Consider the Conclave, that assembly of ancient predators cloaked in ritual. Their deliberations drag across centuries, mired in protocols that mock efficiency. A vote on territorial claims might hinge on the recounting of slights from the Renaissance, each delegate compelled to recite lineages with the pedantry of a clerk tallying souls. Absurdity reigns: one elder demands precedence because his maker once drained a rival’s favourite courtesan, a detail dredged from ledgers yellowed by time. Yet this very ridiculousness enforces stability. Disputes that could erupt into orgies of violence are diffused in tedium, participants too bored or enraged by irrelevancies to draw fangs.
The laws themselves embody this duality. Prohibitions against feeding in certain quarters during solstices sound like the ravings of a mad jurist, rooted in superstitions that even the undead dismiss in private snarls. Functional nonetheless, they channel hungers into sanctioned veins, averting the chaos of unchecked predation. The enforcers, those spectral bailiffs with whips of silver-laced leather, patrol not with zeal but with weary resignation, their reports filed in triplicate across the eternal bureaucracy. One senses the sardonic humour in it all, the immortals bound by chains they forged in mockery of mortal parliaments.
This governance thrives on contradiction. It is a machine oiled by spite, propelled by vanities that outlast empires. The absurdity shields the functional core: alliances forged in council chambers endure because betrayal requires navigating a thicket of precedents, each more arcane than the last. In Immortalis, power is not seized but inherited through exhaustion, the system absurd enough to repel revolutionaries, functional enough to preserve the bloodlines.

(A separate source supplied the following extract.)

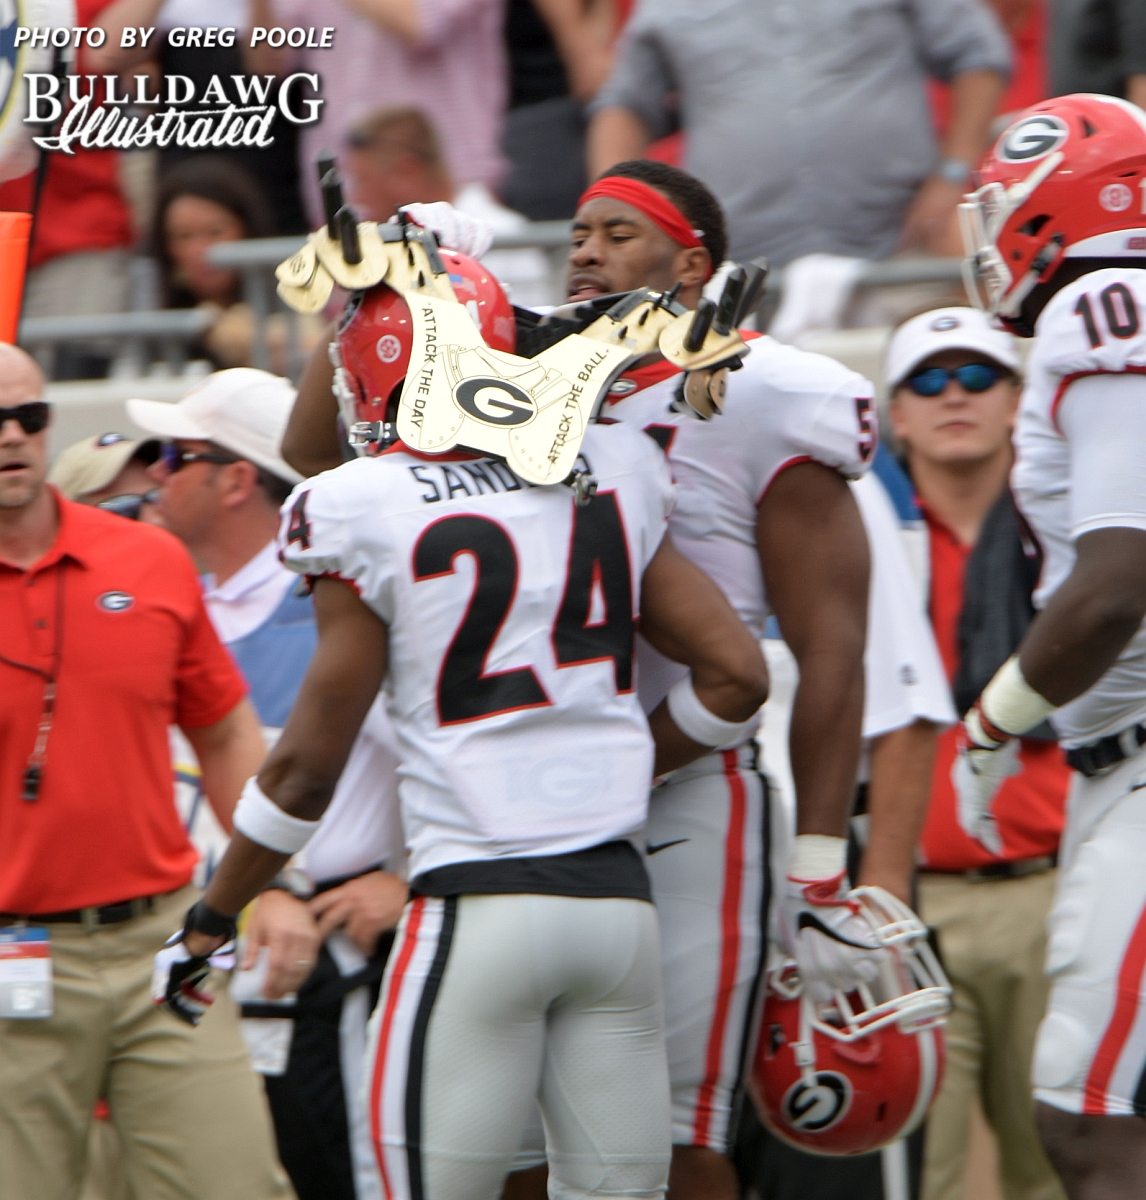 Dominick Sanders gets the 'golden spikes' after nabbing his 15th career interception during the Georgia-Florida game on Saturday, Oct. 28, 2017

One cannot escape the grim comedy. An upstart challenges the hierarchy, only to be buried under addendums to the Codex Sanguinis, clauses debating the precise shade of crimson permissible in ritual goblets. Functional, yes, for it crushes ambition without a drop spilled. Absurd, for who among the living dead truly cares for vintage hues when throats await? Yet here lies the genius of Immortalis‘s portrayal: governance as a vampire’s eternal joke, sustaining the night through its own preposterous weight.